Given information.
┄┄┄┄┄┄
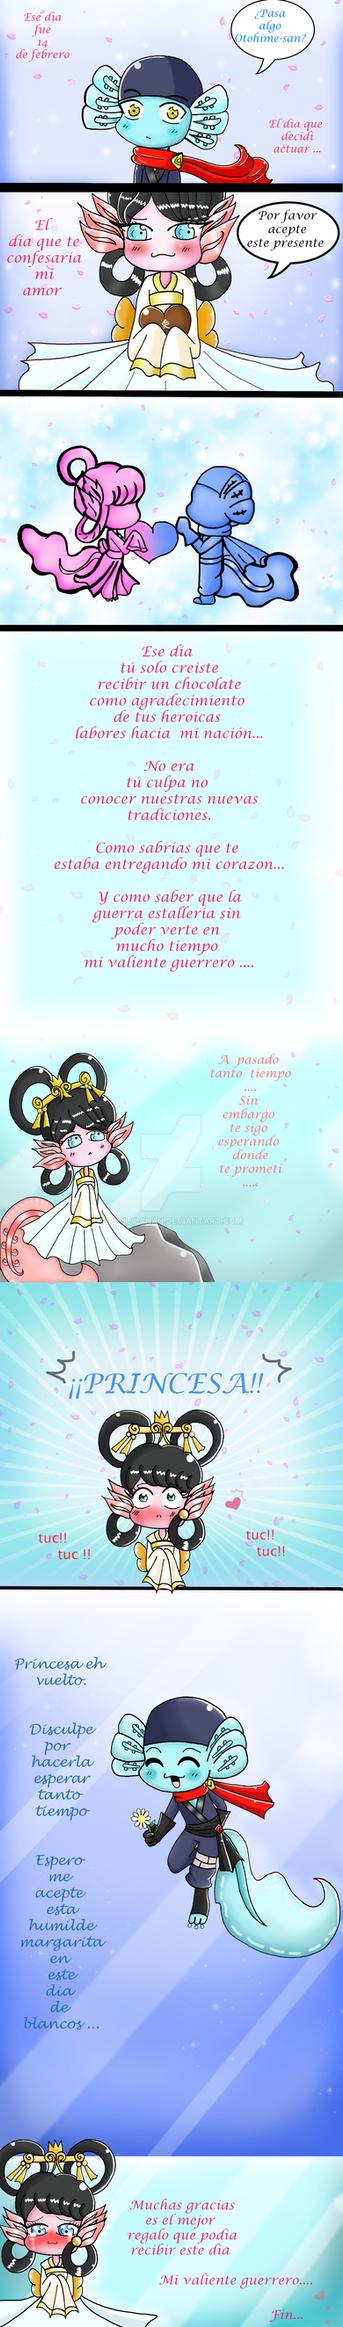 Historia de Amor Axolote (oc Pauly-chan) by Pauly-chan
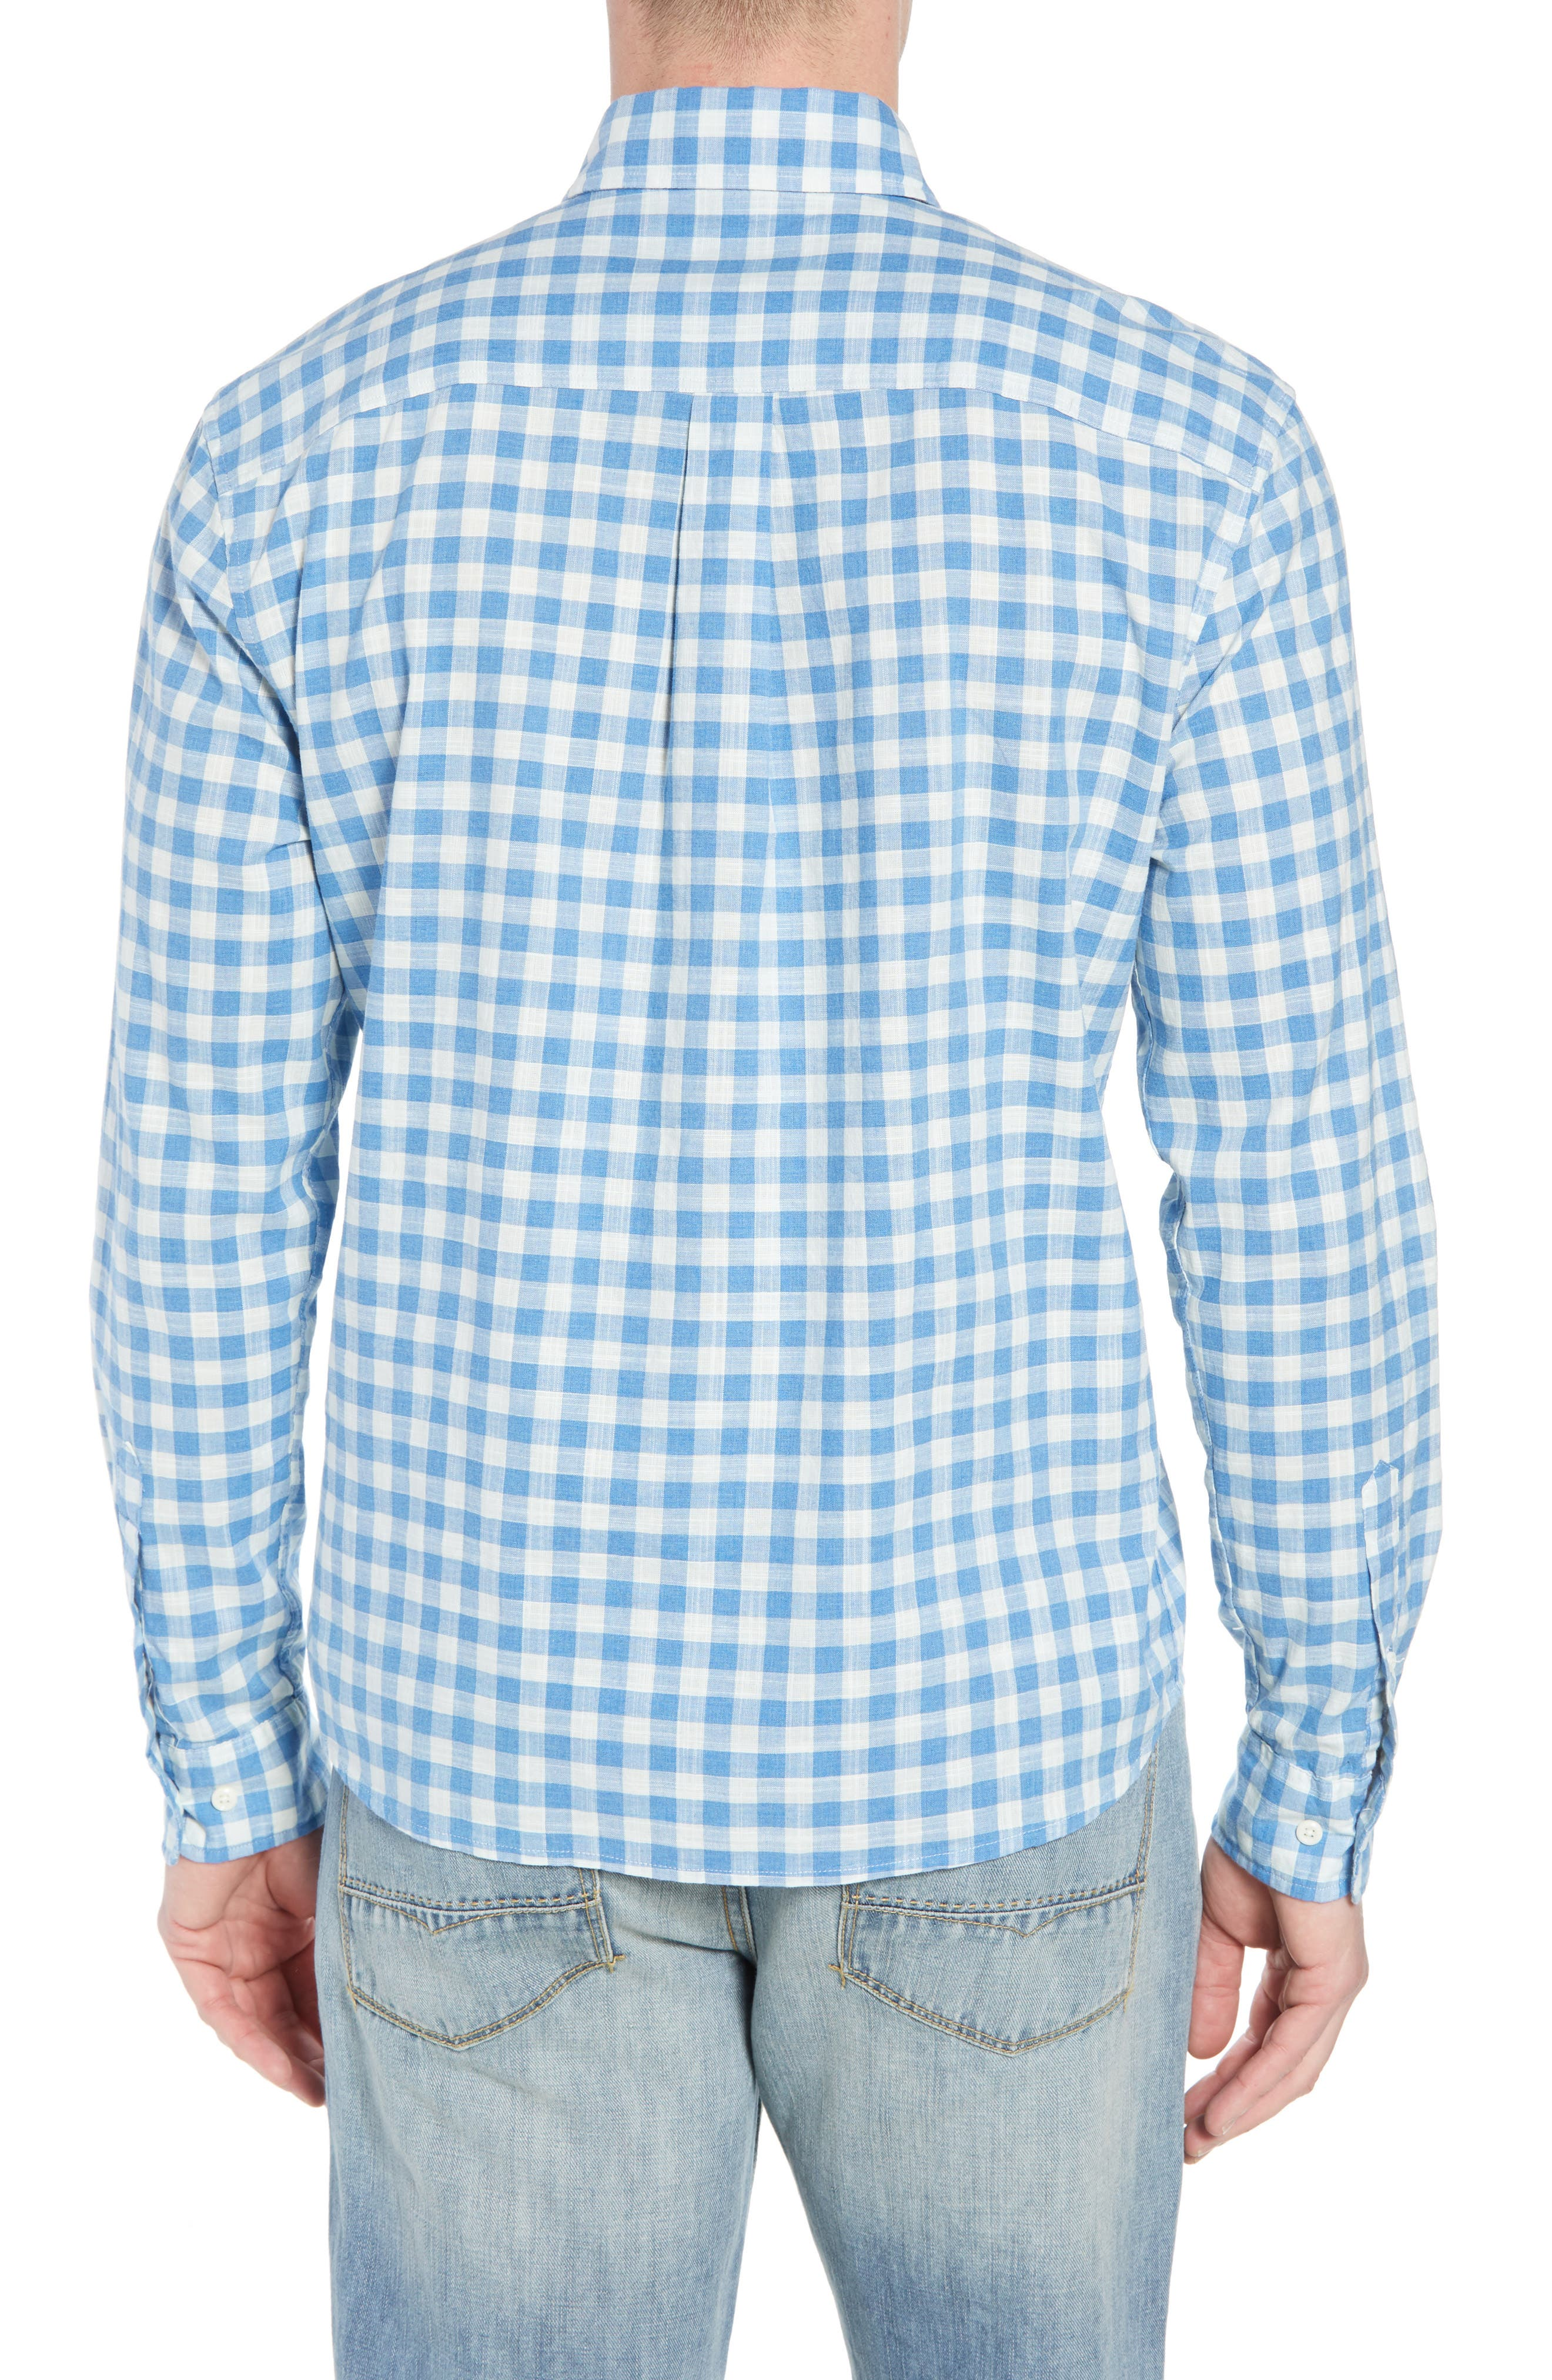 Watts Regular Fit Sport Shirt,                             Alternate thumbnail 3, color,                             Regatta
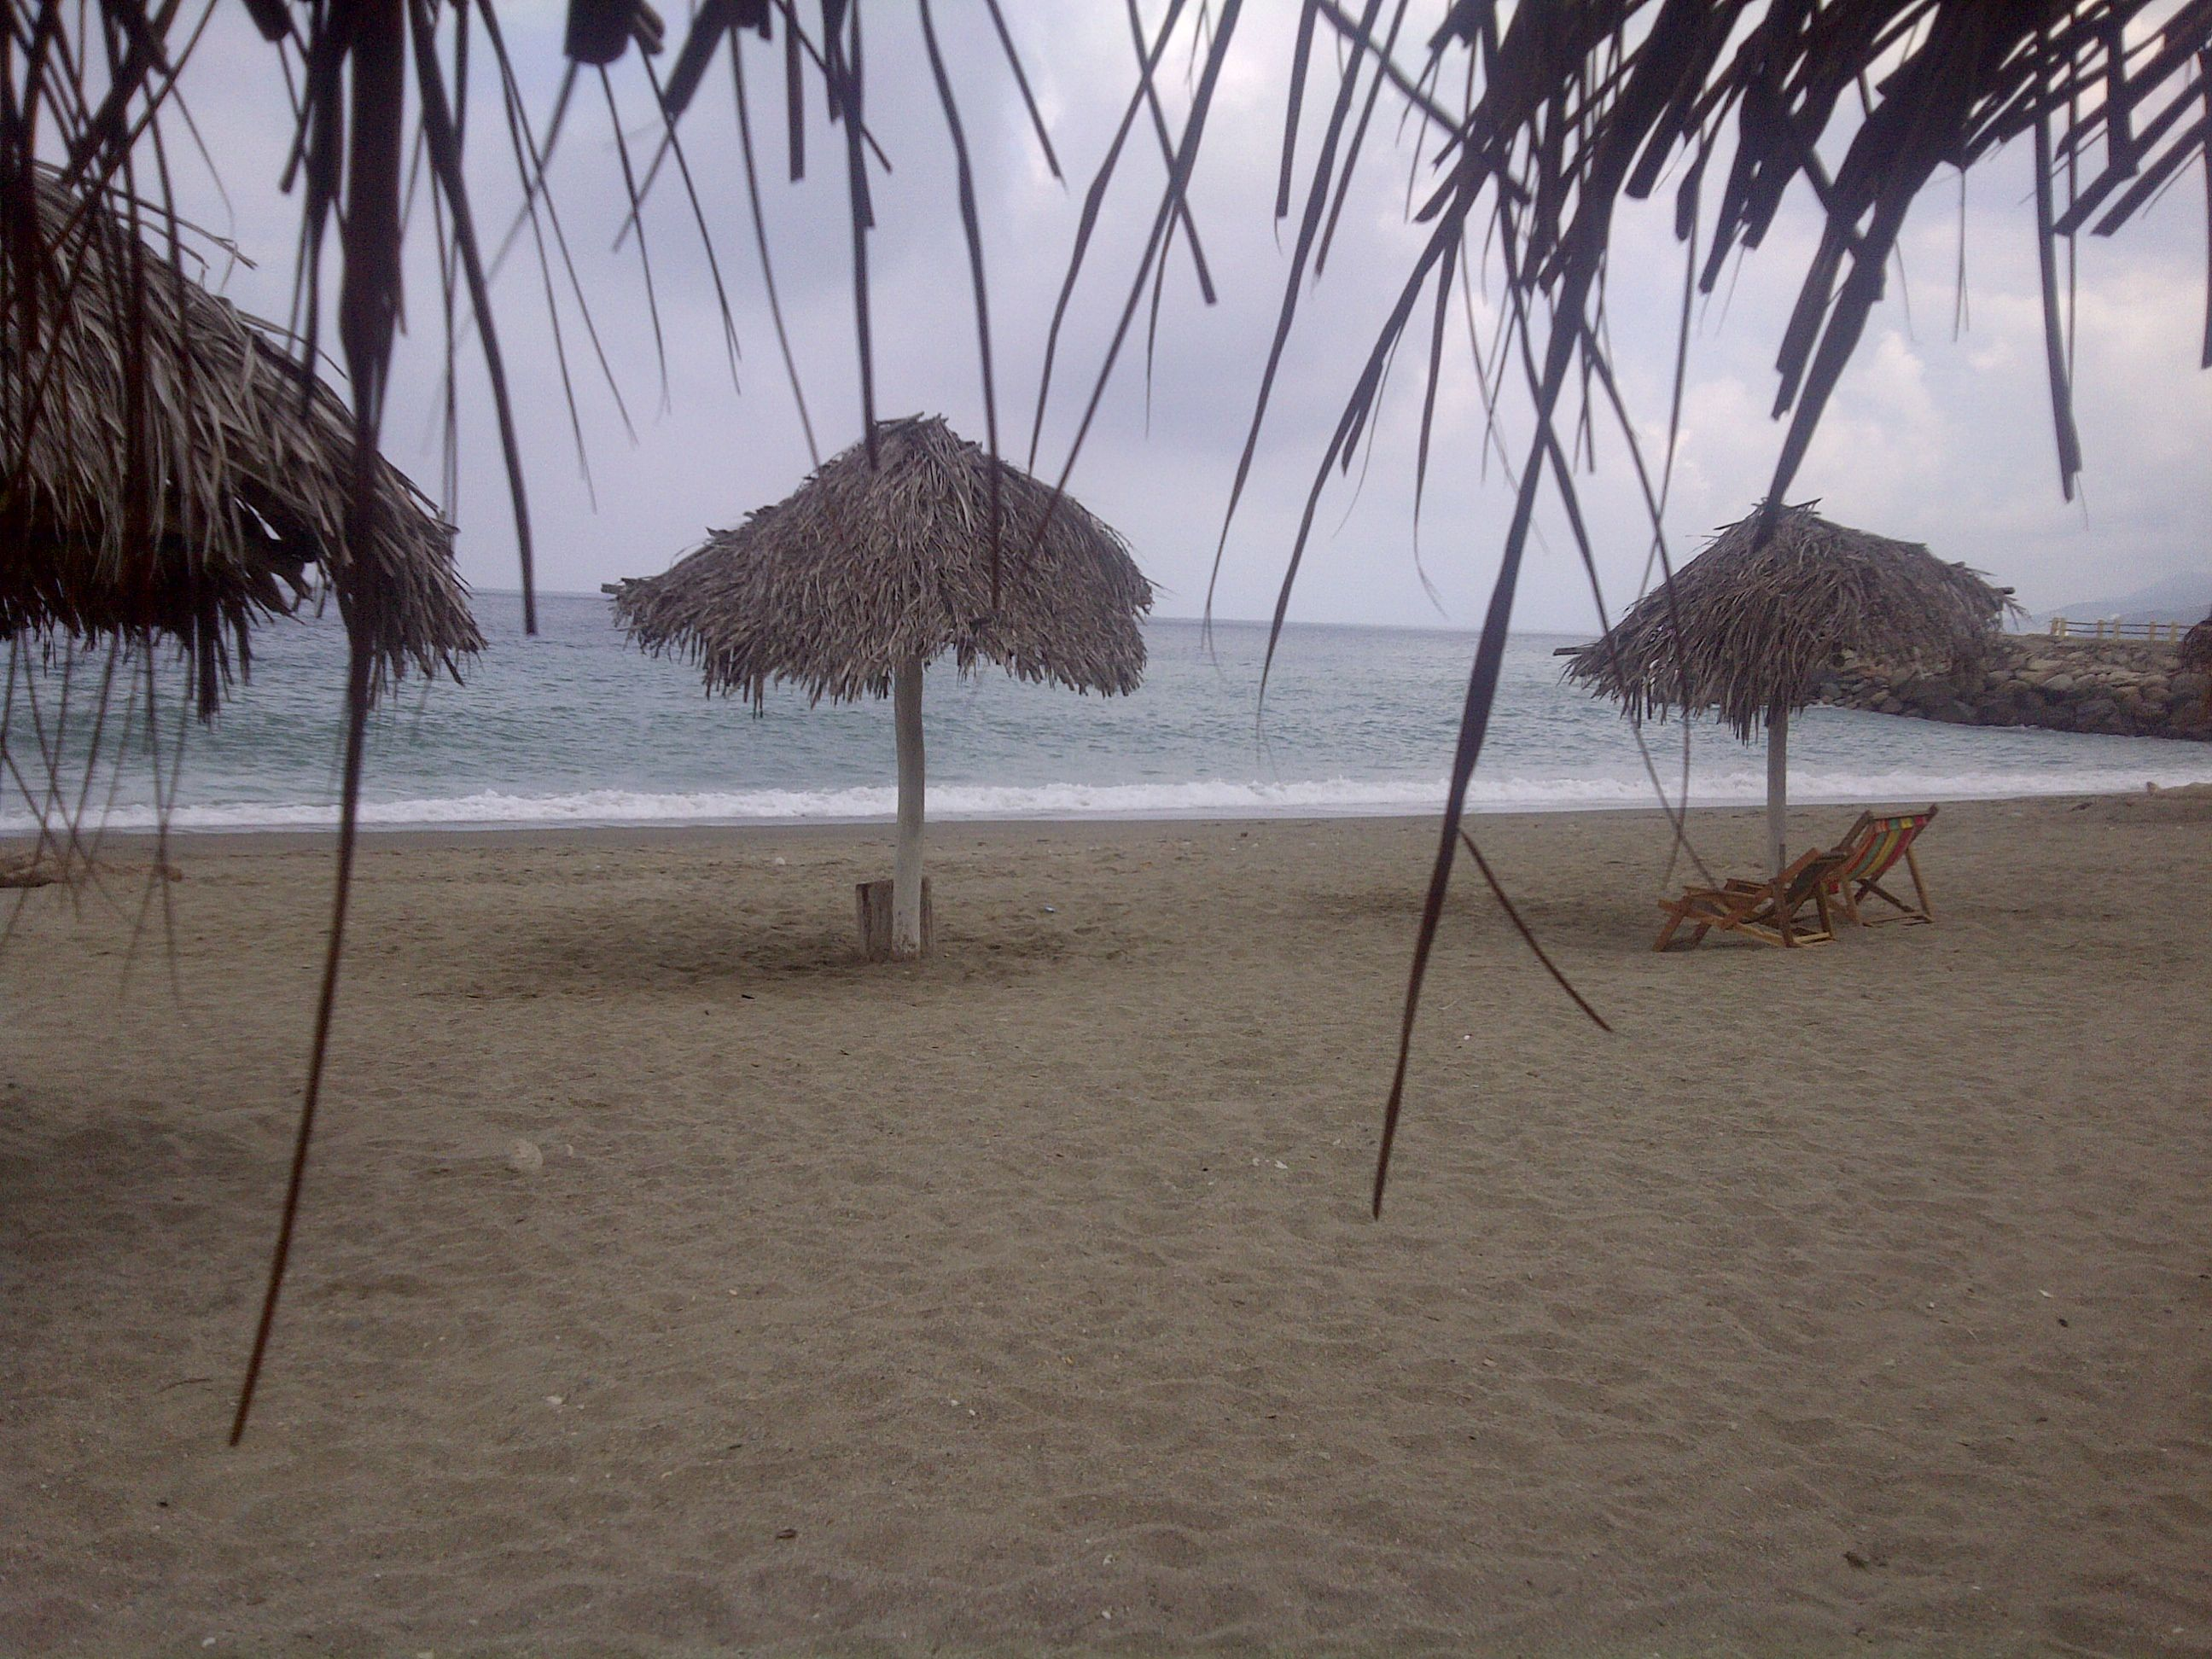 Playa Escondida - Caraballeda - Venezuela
┄┄┄┄┄┄
Directions for this task.
With pictures excluded, the material is to be written out exactly as given.

Result of this exercise.
 Historia de Amor Axolote (oc Pauly-chan) by Pauly-chan
 Watts Regular Fit Sport Shirt,                             Alternate thumbnail 3, color,                             Regatta
 Playa Escondida - Caraballeda - Venezuela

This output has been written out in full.